O aumento das taxas de prematuridade no Brasil, nos últimos anos,1 torna importante conhecer o desfecho dessas crianças, não só devido ao maior risco de mortalidade, mas também porque idade gestacional e peso ao nascimento são indicadores de risco biológico importantes para alterações no desenvolvimento.1–5 Estudos longitudinais têm mostrado que aproximadamente 15% das crianças pré‐termo e com muito baixo peso estão em risco para disfunções graves do neurodesenvolvimento5–9 e, na ausência de alterações graves, entre 30 e 50% apresentam dificuldades motoras, cognitivas e comportamentais sutis,5–7,10,11 que podem ser detectadas na idade pré‐escolar.6,12–15 Muitas destas crianças frequentam escolas regulares, mas experimentam dificuldades na aprendizagem e no comportamento, nas atividades de vida diária e têm baixo rendimento escolar.3,6,8,10,12,13

Embora as alterações do desenvolvimento em longo prazo em crianças pré‐termo sejam bem descritas na literatura, a emergência destas dificuldades na idade pré‐escolar é bem menos documentada. É importante investigar o desenvolvimento na idade pré‐escolar, pois uma avaliação focada na coordenação motora, no desenvolvimento cognitivo e no desempenho funcional, em idades precoces, poderia identificar as crianças pré‐termo com risco para alterações no desenvolvimento, possibilitando a intervenção mais cedo, permitindo que os pais sejam alertados para as dificuldades potenciais de seus filhos antes da entrada no ensino fundamental.
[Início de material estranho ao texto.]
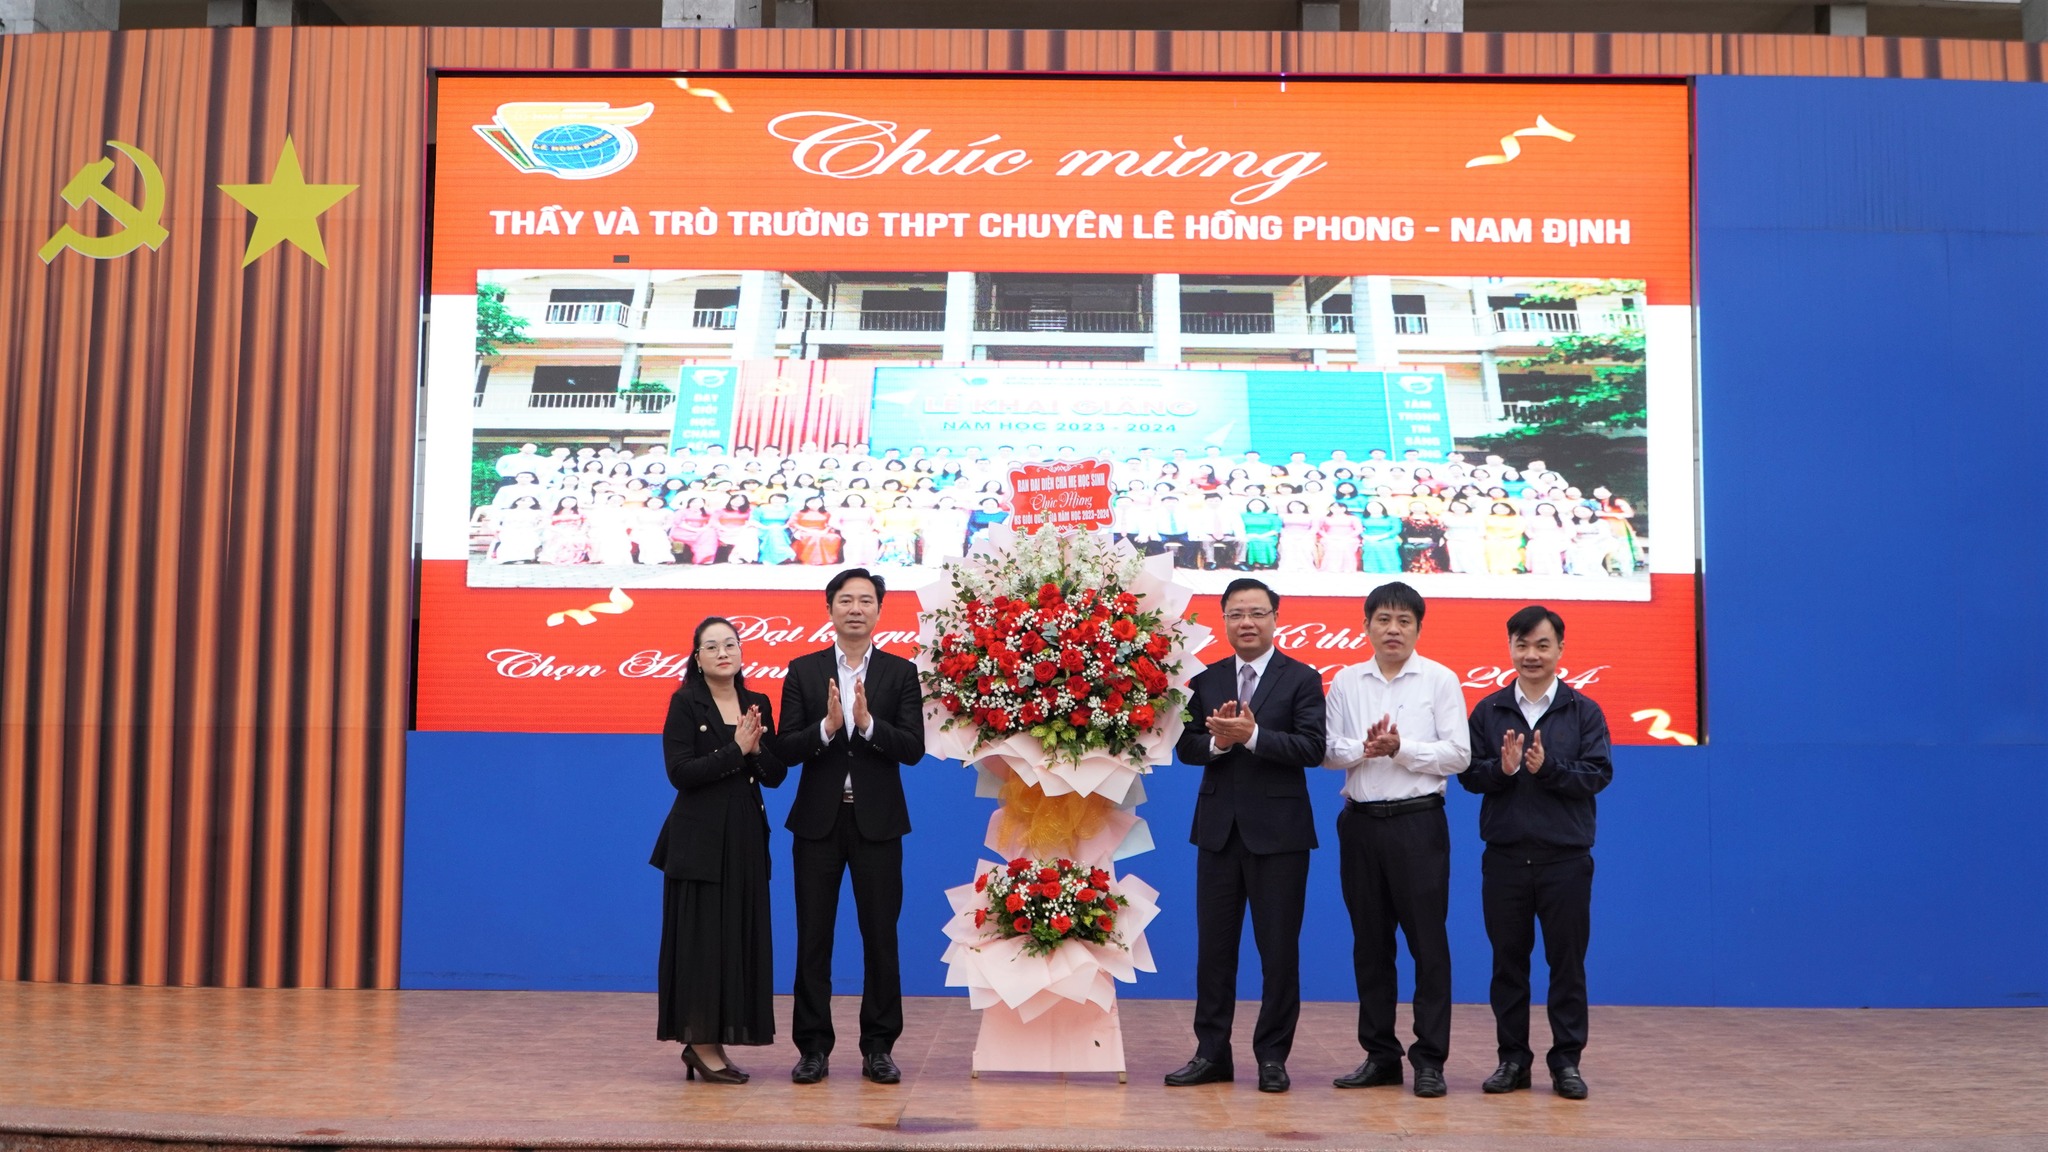 Trường THPT chuyên Lê Hồng Phong trao thưởng cho học sinh đạt giải trong các kì thi

O objetivo deste estudo foi comparar o desenvolvimento da coordenação motora, o desenvolvimento cognitivo e o desempenho funcional de crianças nascidas pré‐termo e a termo, aos quatro anos de idade. A hipótese investigada foi de que aos quatro anos de idade e considerando o mesmo nível social, crianças nascidas pré‐termo e aparentemente normais apresentam desempenho motor, cognitivo e funcional significativamente inferior aos pares nascidos a termo.

Métodos

Trata‐se de estudo transversal e observacional realizado no período de junho de 2010 a agosto de 2011 com amostra de conveniência, recrutada no Ambulatório de Acompanhamento à Criança de Risco – ACRIAR, em quatro escolas públicas e cinco escolas particulares de Belo Horizonte e dois consultórios particulares.

Participaram deste estudo crianças na faixa etária de quatro anos a quatro anos e 11 meses, distribuídas em dois grupos distintos, de acordo com idade gestacional e peso ao nascimento, pareadas com relação a sexo, idade e nível socioeconômico. Para cálculo amostral foi empregada análise de variância (ANOVA) para dois grupos, supondo o mesmo número de observações por grupo. Para nível de significância de 5% e poder de 80%, foi estimado um mínimo de 45 crianças por grupo, perfazendo um total de 90 delas. No grupo de crianças pré‐termo (PT) foram incluídas 62 crianças com idade gestacional ≤ 34 semanas e peso ao nascimento ≤ 1.500g, e no grupo a termo (AT), 62 crianças com idade gestacional ≥ 37 semanas e peso ao nascimento ≥ 2.500g (grupo a termo). Em cada grupo houve igual representação de meninos (31) e meninas. O grupo pré‐termo (PT) foi recrutado em ambulatório de seguimento, escolas e consultórios particulares, e as crianças do grupo a termo (AT) foram provenientes de escolas públicas e colégios particulares de Belo Horizonte/MG.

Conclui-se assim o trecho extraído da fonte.